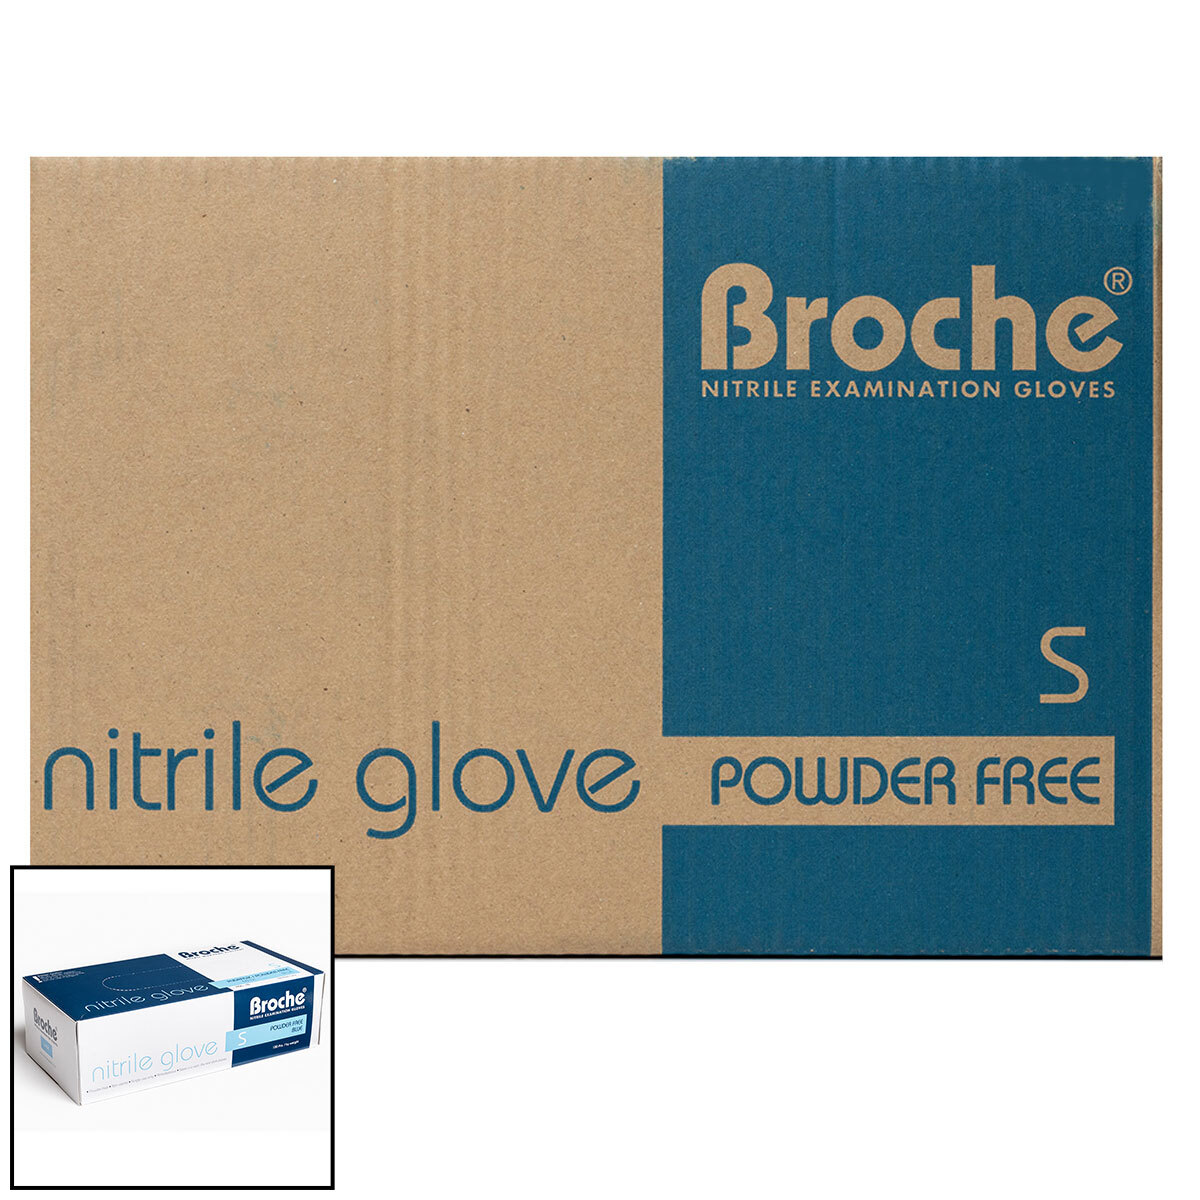 Broche Nitrile Gloves - Small, 10 x 100 Pack Box with Inset
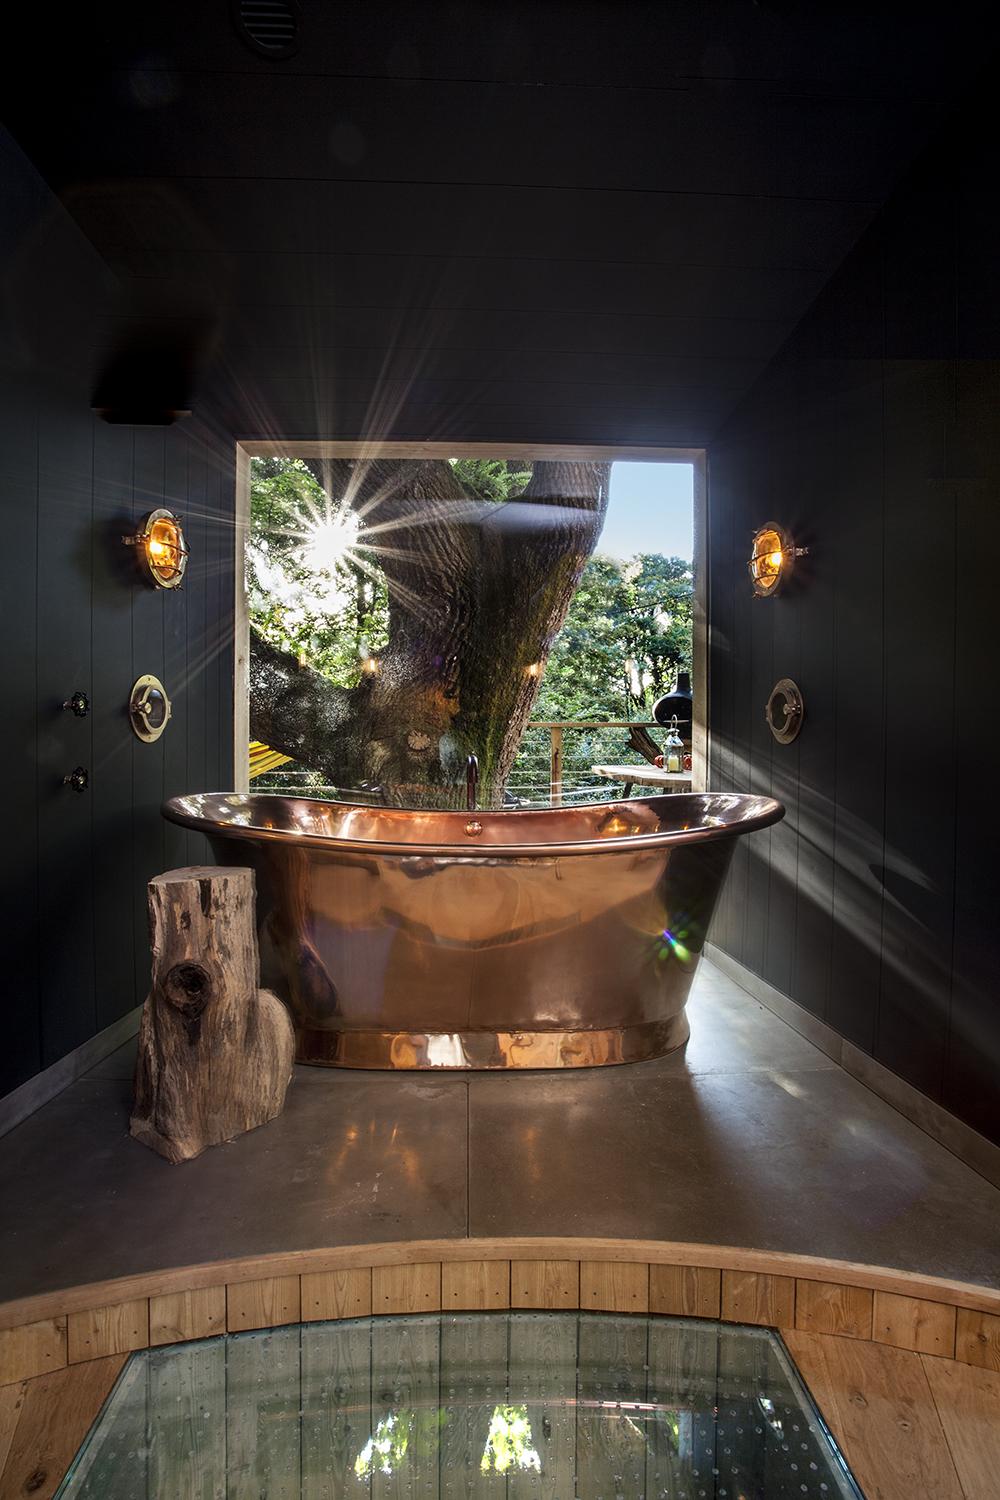 The outrageously deep copper tub overlooks the lower deck
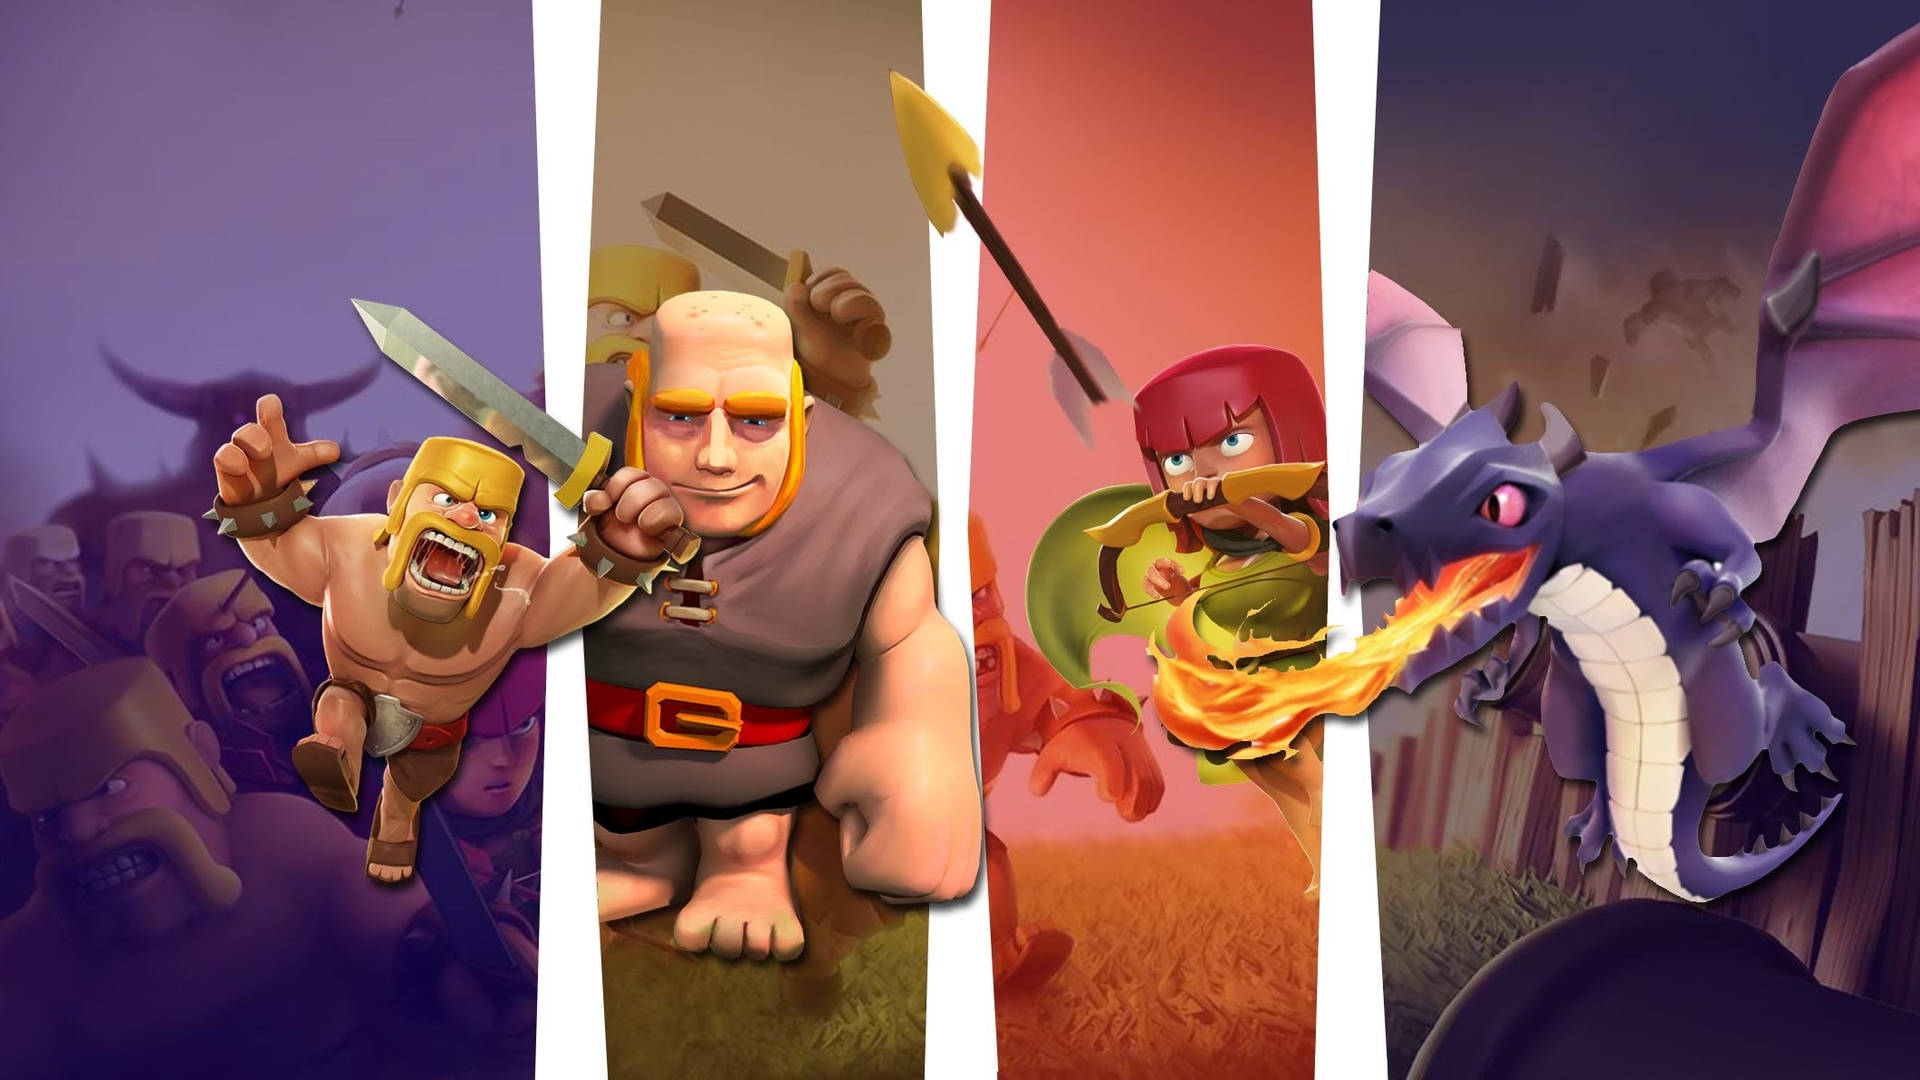 Download Clash Of Clans Four Characters Wallpaper 
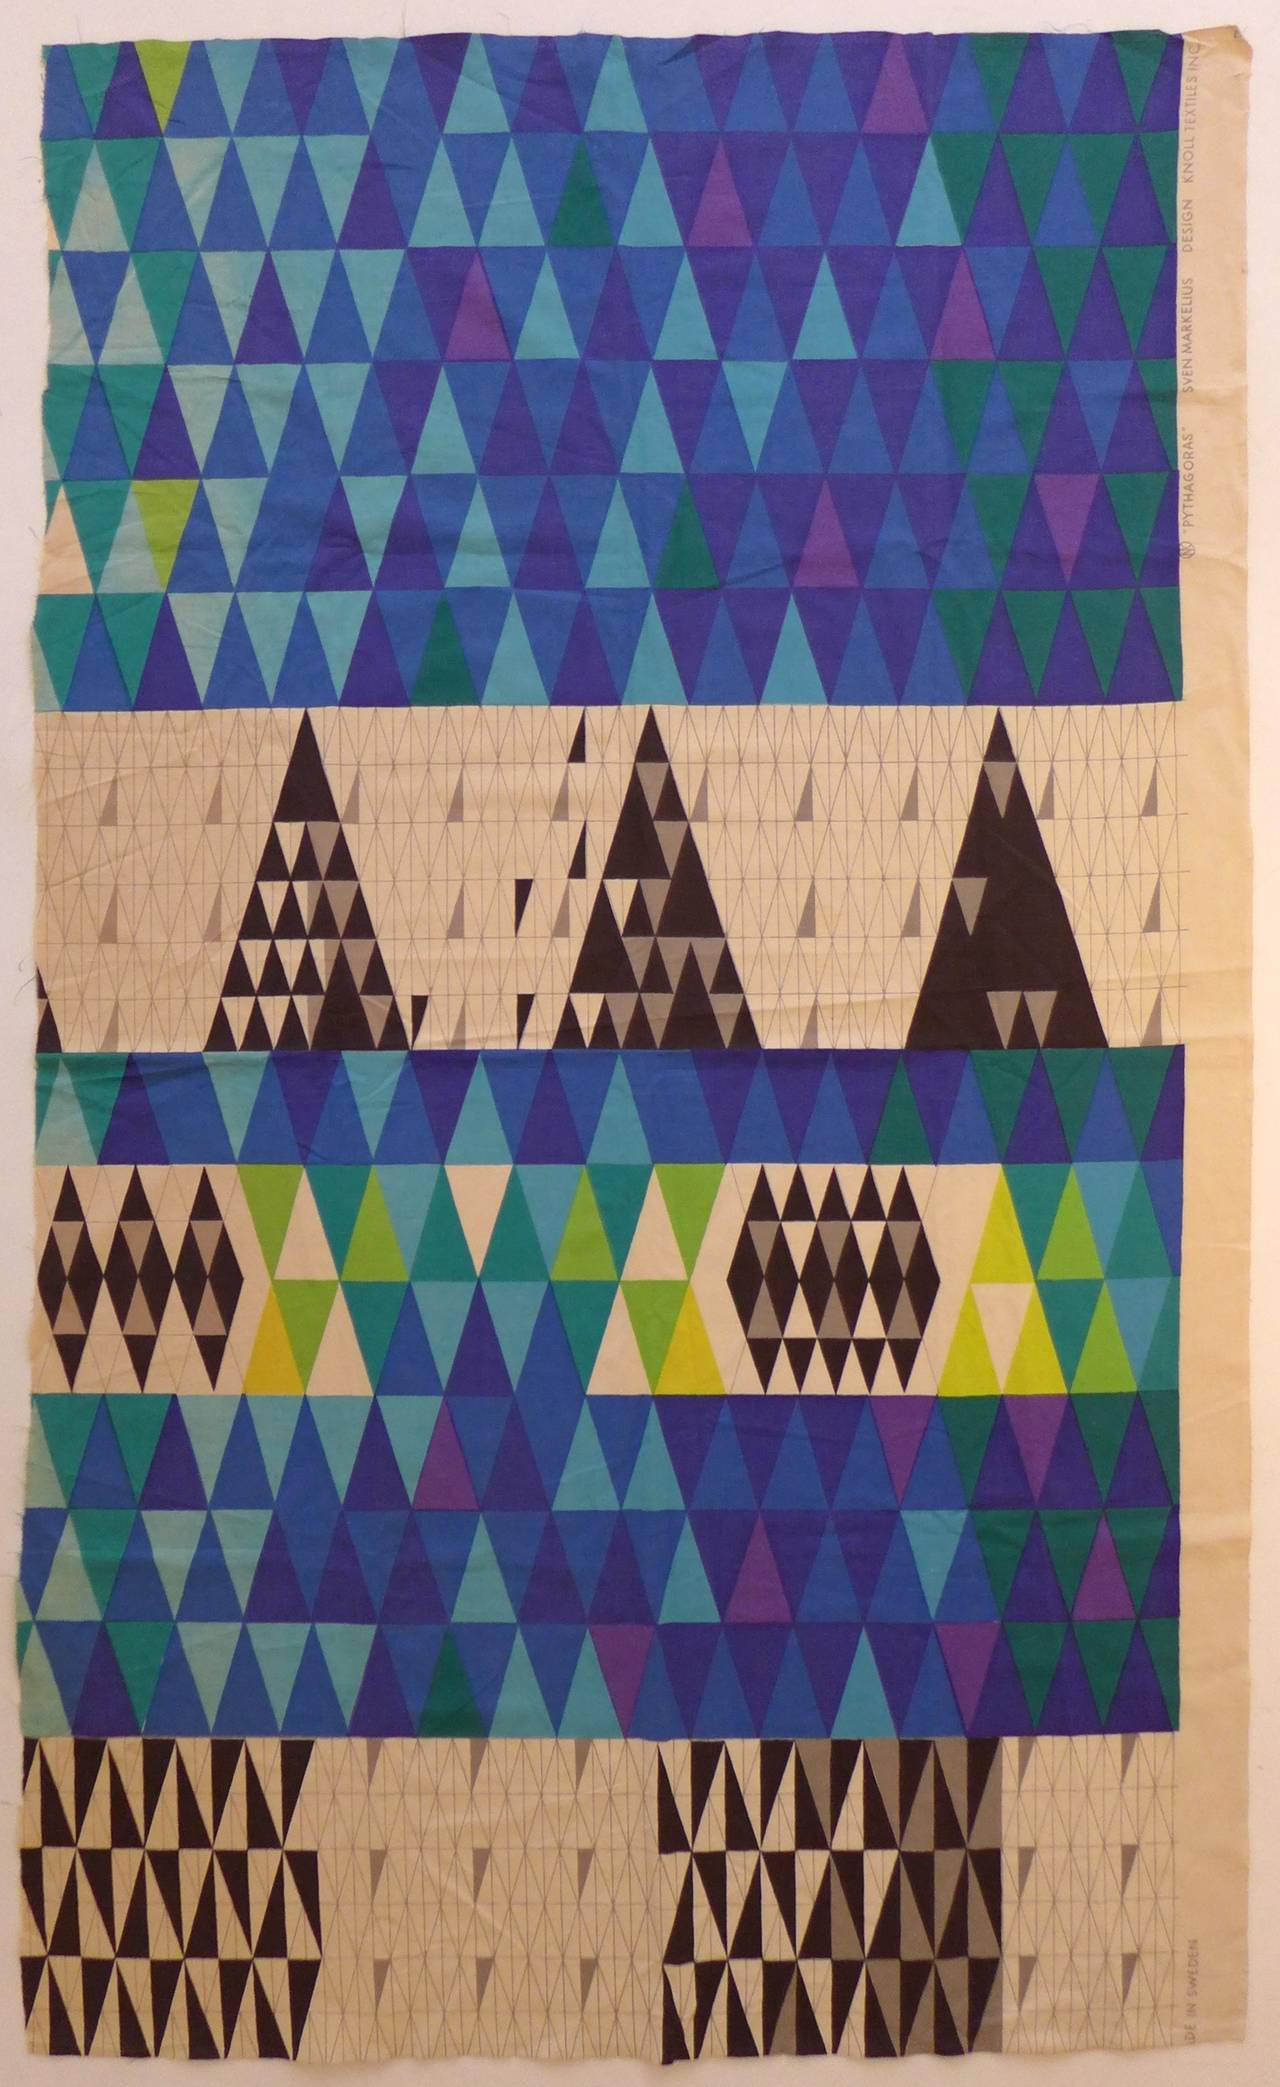 Large swatch of screen-printed fabric with a complex geometric pattern, titled

- _EXERCISE DESCRIPTION_
Please return the listing above exactly and leave every picture out.

- _ANSWER SECTION_
 Broche Nitrile Gloves - Small, 10 x 100 Pack Box with Inset
 The outrageously deep copper tub overlooks the lower deck
 Download Clash Of Clans Four Characters Wallpaper 
 Large swatch of screen-printed fabric with a complex geometric pattern, titled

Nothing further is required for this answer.